В этот период ему довелось снова увидеть своего «вотчима», который дал ему советы относительно выбора книг, порекомендовав «Обломова» Гончарова и «Искушение святого Антония» Флобера, русский перевод которого незадолго до этого вышел в приложении к «Новому времени». Беседуя с ним, Алексей думал о том, что этот человек, преждевременно состарившийся, изъеденный чахоткой, был когда-то дорог его матери, о том, что он ее оскорблял, бил, – и от этого он испытывал глубокую грусть. «Я знал, что он живет с какой-то швеей, и думал о ней с недоумением и жалостью: как она не брезгует обнимать эти длинные кости, целовать этот рот, из которого тяжко пахнет гнилью?.. Я видел одно – он умирает… Завтра он весь исчезнет, весь, со всем, что скрыто в его голове, сердце, что я – мне кажется – умею читать в его красивых глазах. Когда он исчезнет – порвется одна из живых нитей, связующих меня с миром…»
Алексей пришел в больницу, где умирал его отчим. Как и всегда, милосердие побеждало в нем гнев, доброта заставляла возмущение молчать. Он анализировал себя с ясностью и четкостью, удивительными для его пятнадцати лет: «Я не пил водки, не путался с девицами – эти два вида опьянения души мне заменяли книги.
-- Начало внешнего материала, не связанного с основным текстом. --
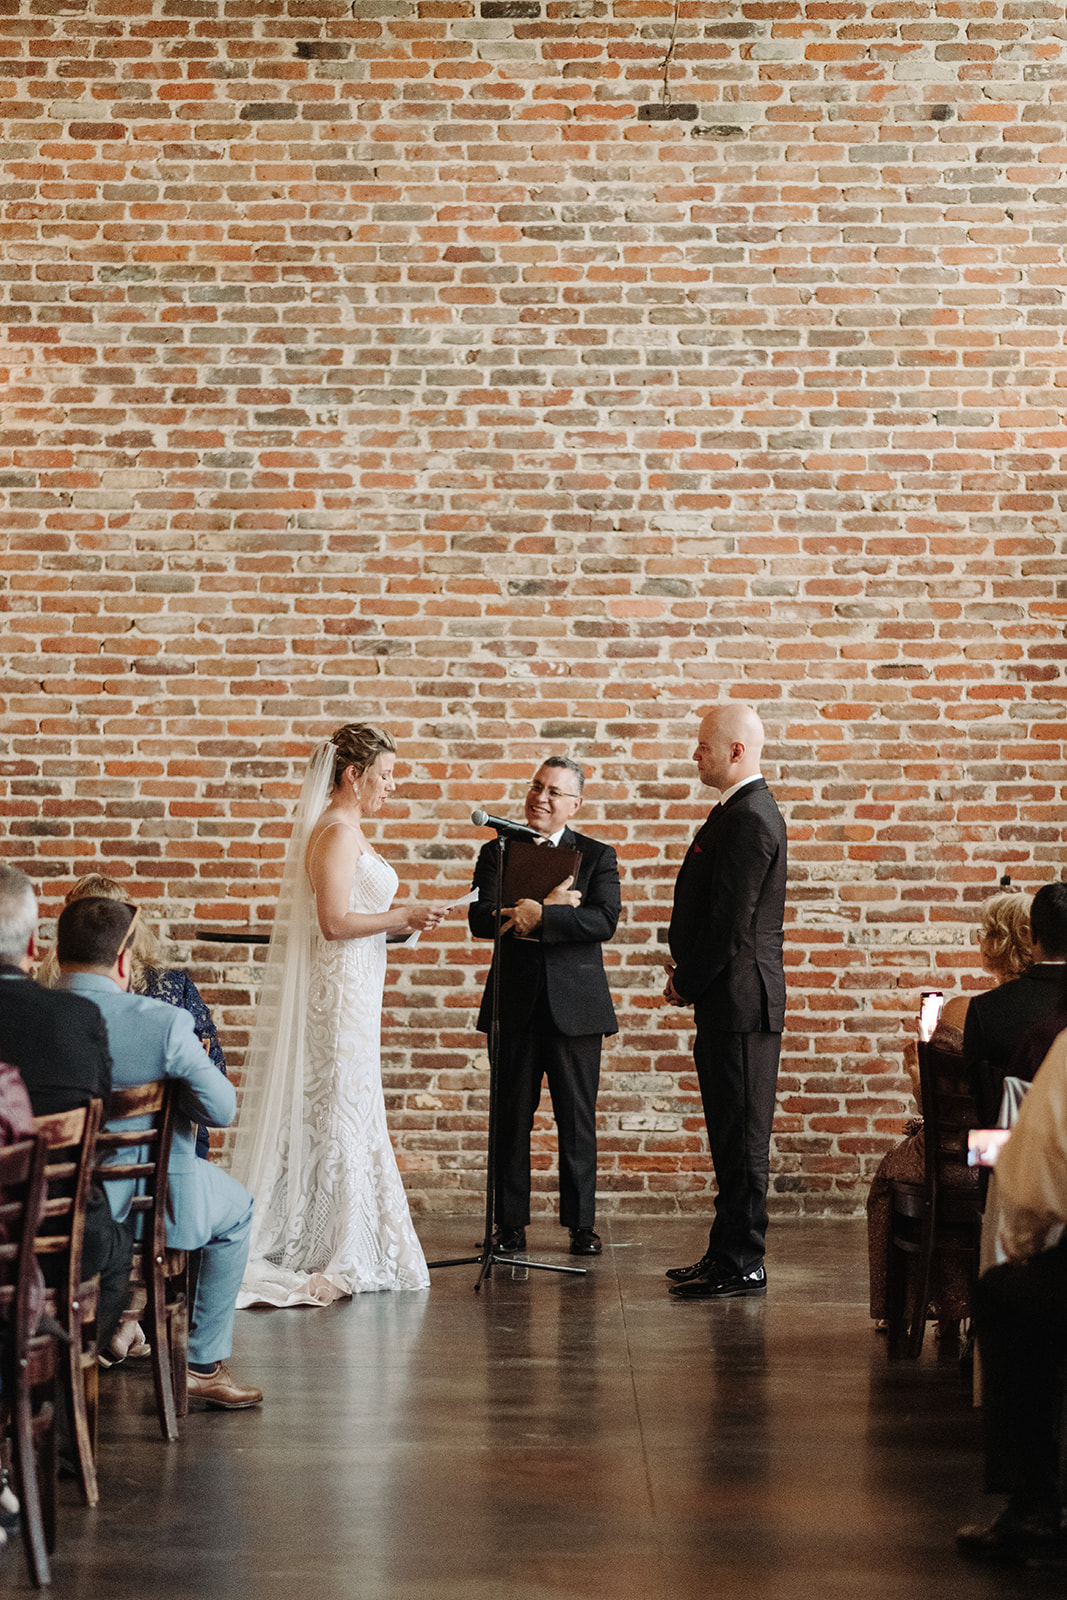 The exposed brick wall that is used as the backdrop for this Mile High Station wedding.

Но чем больше я читал, тем более трудно было жить так пусто и ненужно, как, мне казалось, живут люди… Я брезгливо не любил несчастий, болезней, жалоб; когда я видел жестокое – кровь, побои, даже словесное издевательство над человеком, – это вызывало у меня органическое отвращение… Во мне жило двое: один, узнав слишком много мерзости и грязи, несколько оробел от этого и, подавленный знанием буднично страшного, начинал относиться к жизни, к людям недоверчиво, подозрительно, с бессильною жалостью ко всем, а также к себе самому. Этот человек мечтал о тихой, одинокой жизни с книгами, без людей, в монастыре, лесной сторожке, железнодорожной будке, о Персии и должности ночного сторожа где-нибудь на окраине города. Поменьше людей, подальше от них… Другой, крещенный святым духом честных и мудрых книг, наблюдая победную силу буднично страшного, чувствовал, как легко эта сила может оторвать ему голову, раздавить сердце грязной ступней, и напряженно оборонялся, сцепив зубы, сжав кулаки, всегда готовый на всякий спор и бой».[15]
Один из таких «боев» разгорелся, когда юный Алексей ринулся на защиту проститутки, которую грубо стаскивал с пролетки дворник одного из публичных домов. «Мы катались по двору, как два пса; а потом, сидя в бурьяне съезда, обезумев от невыразимой тоски, я кусал губы, чтобы не реветь, не орать. Вот вспоминаешь об этом и, содрогаясь в мучительном отвращении, удивляешься – как я не сошел с ума, не убил никого?.. Подлой и грязной жизнью живем все мы, вот в чем дело!.. Меня особенно сводило с ума отношение к женщине; начитавшись романов, я смотрел на женщину как на самое лучшее и значительное в жизни. В этом утверждали меня бабушка, ее рассказы о богородице и Василисе Премудрой… и те сотни, тысячи замеченных мною взглядов, улыбок, которыми женщины, матери жизни, украшают ее, эту жизнь, бедную радостями, бедную любовью».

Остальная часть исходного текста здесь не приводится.